**Problem details:**
Leaving the pictures aside, write out the whole listing below exactly.

─── Provided material ───

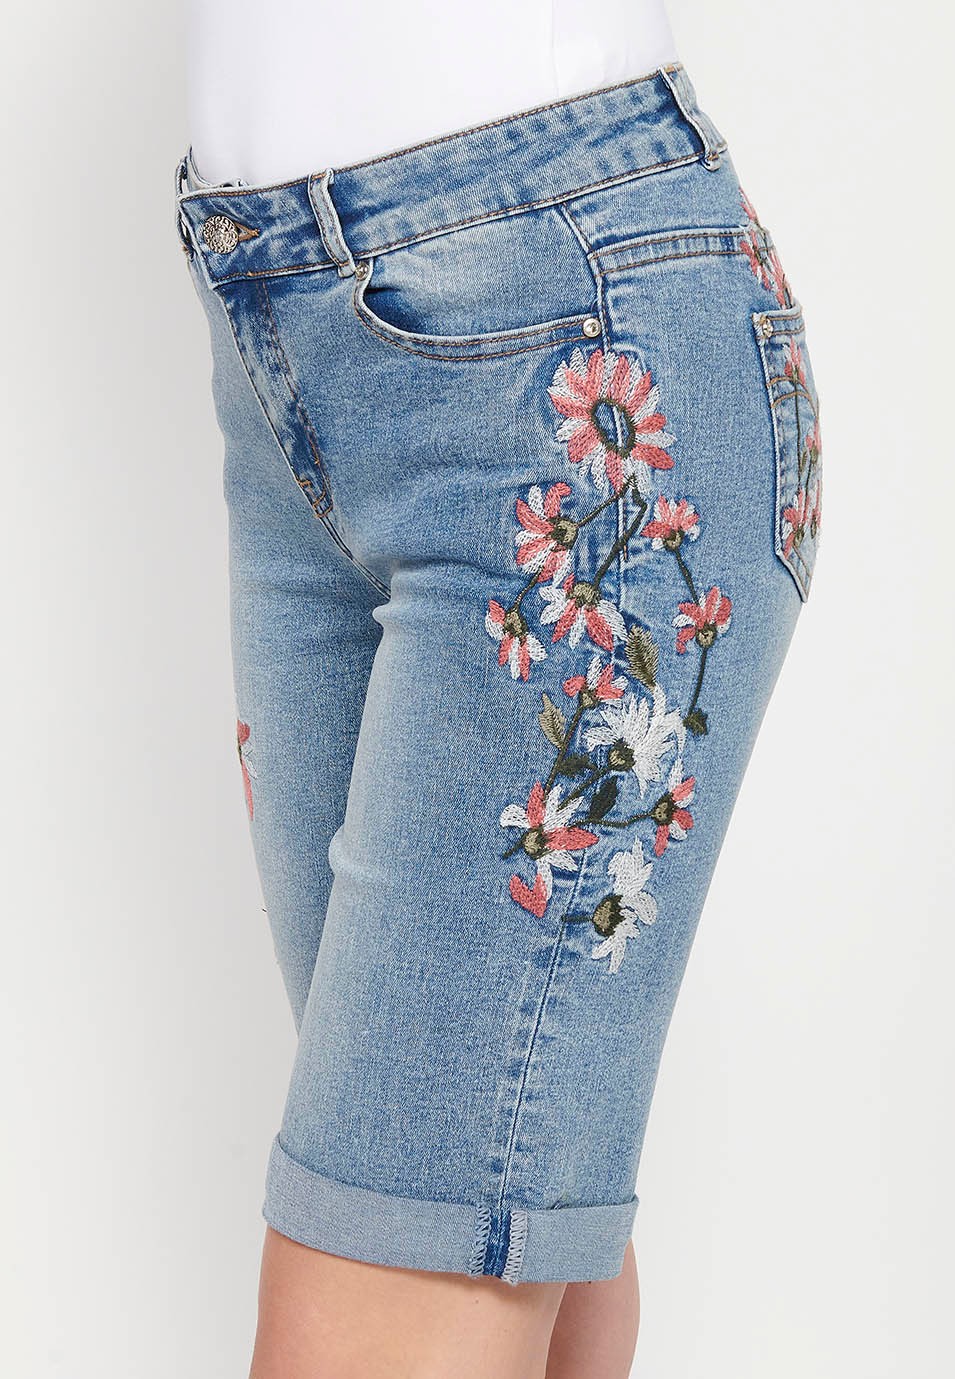 Pantalón corto con bordados florales, color azul para mujer
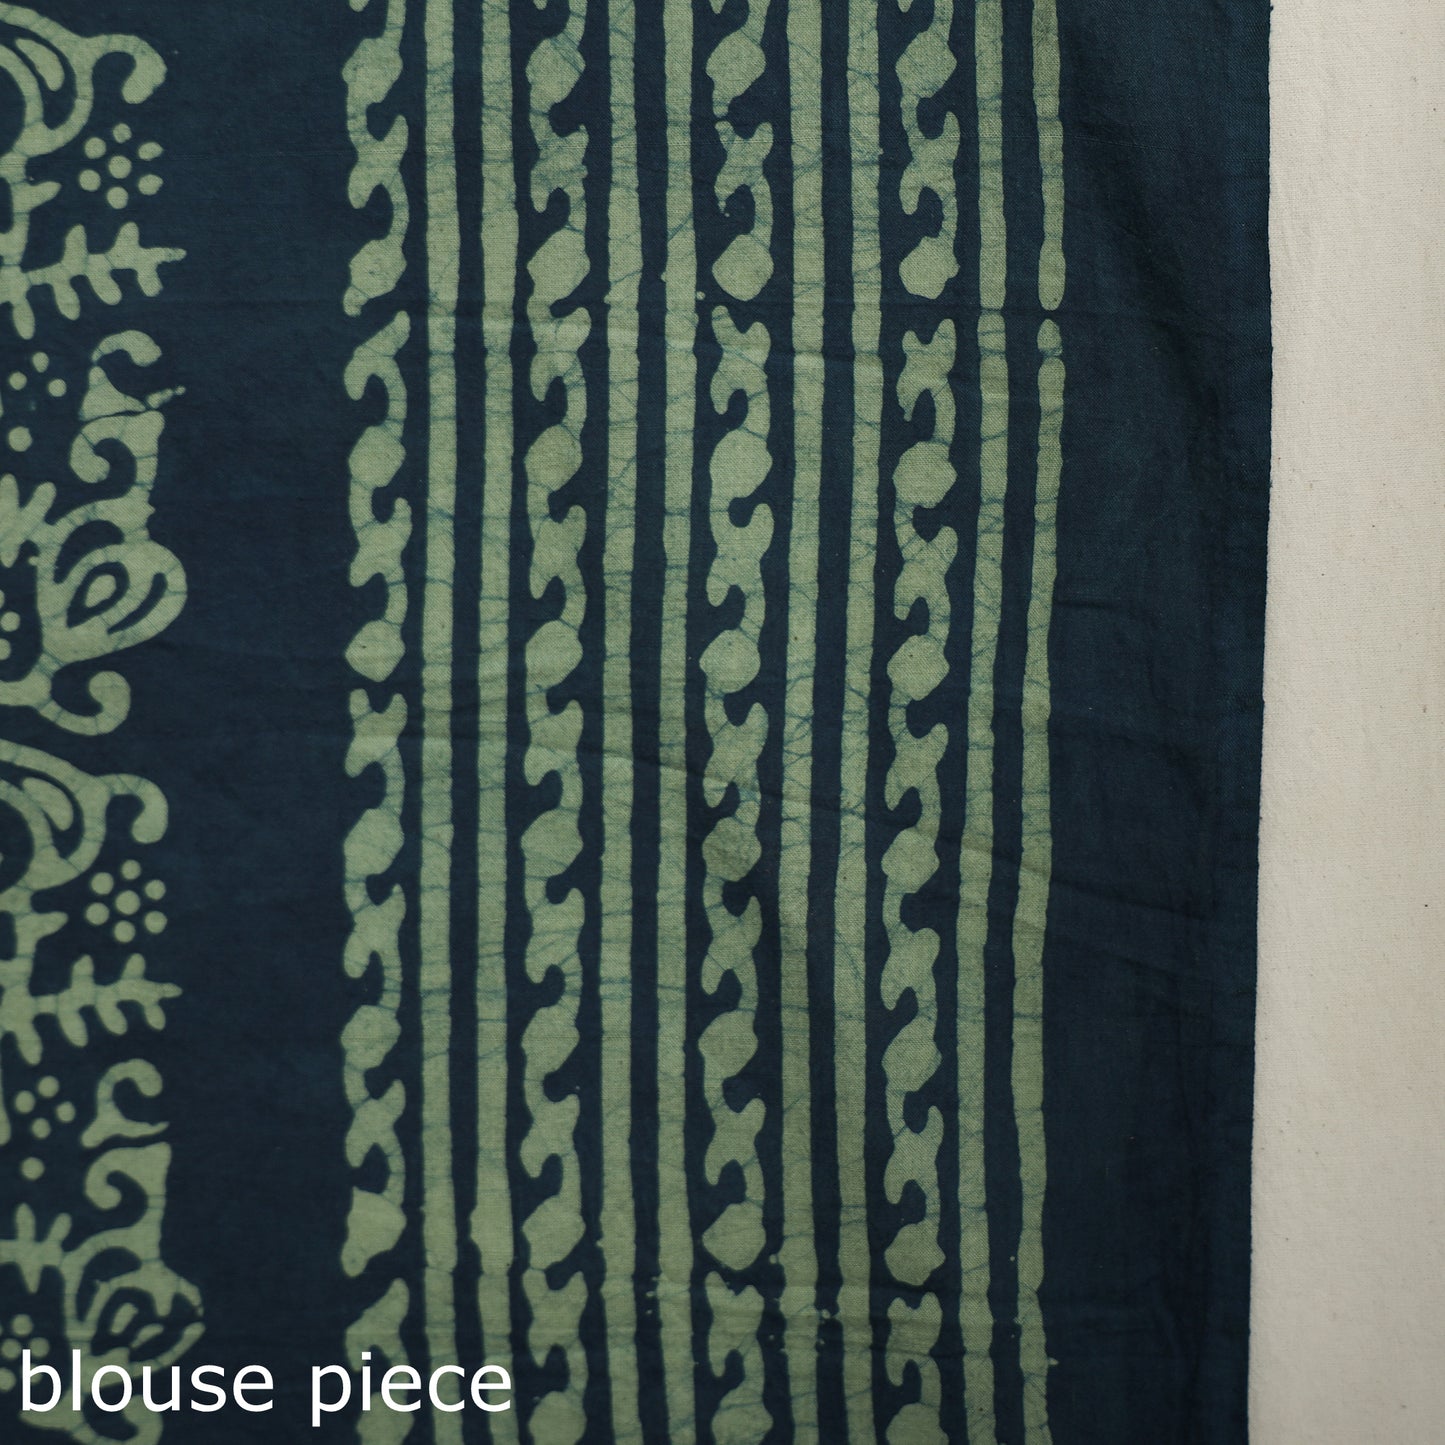 hand batik printed saree
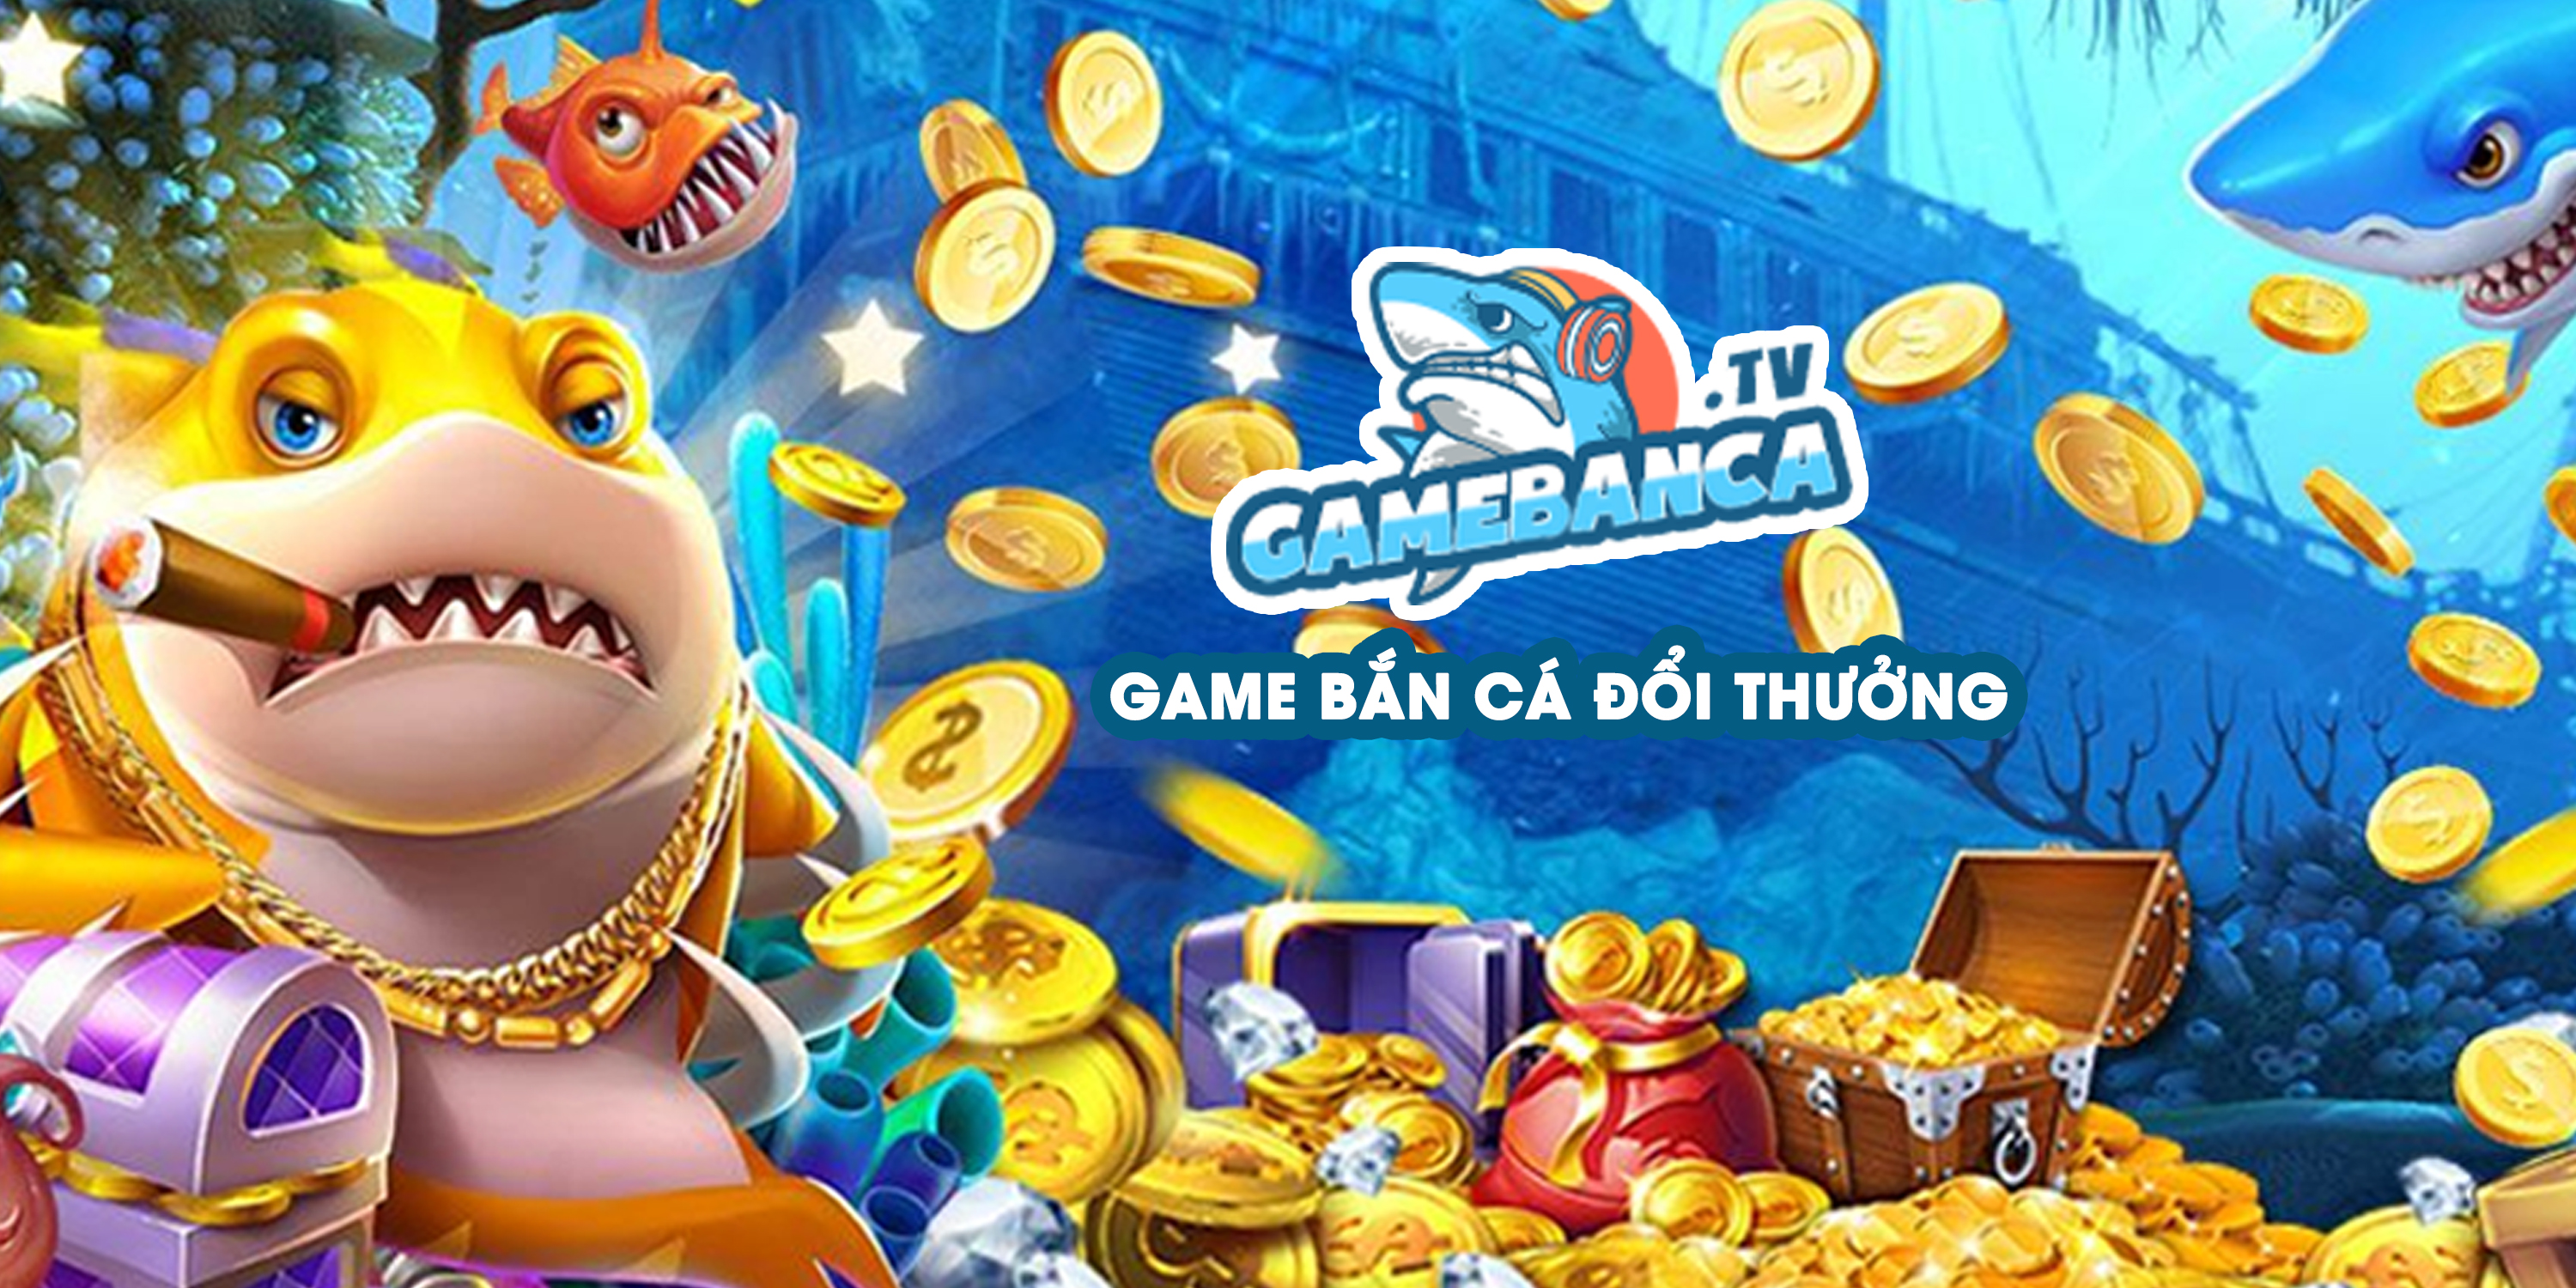 Cổng game bắn cá đổi thưởng Gamebanca TV mới nhất hiện nay

───

**Reply to the task:**
 Pantalón corto con bordados florales, color azul para mujer
 hand batik printed saree
 Cổng game bắn cá đổi thưởng Gamebanca TV mới nhất hiện nay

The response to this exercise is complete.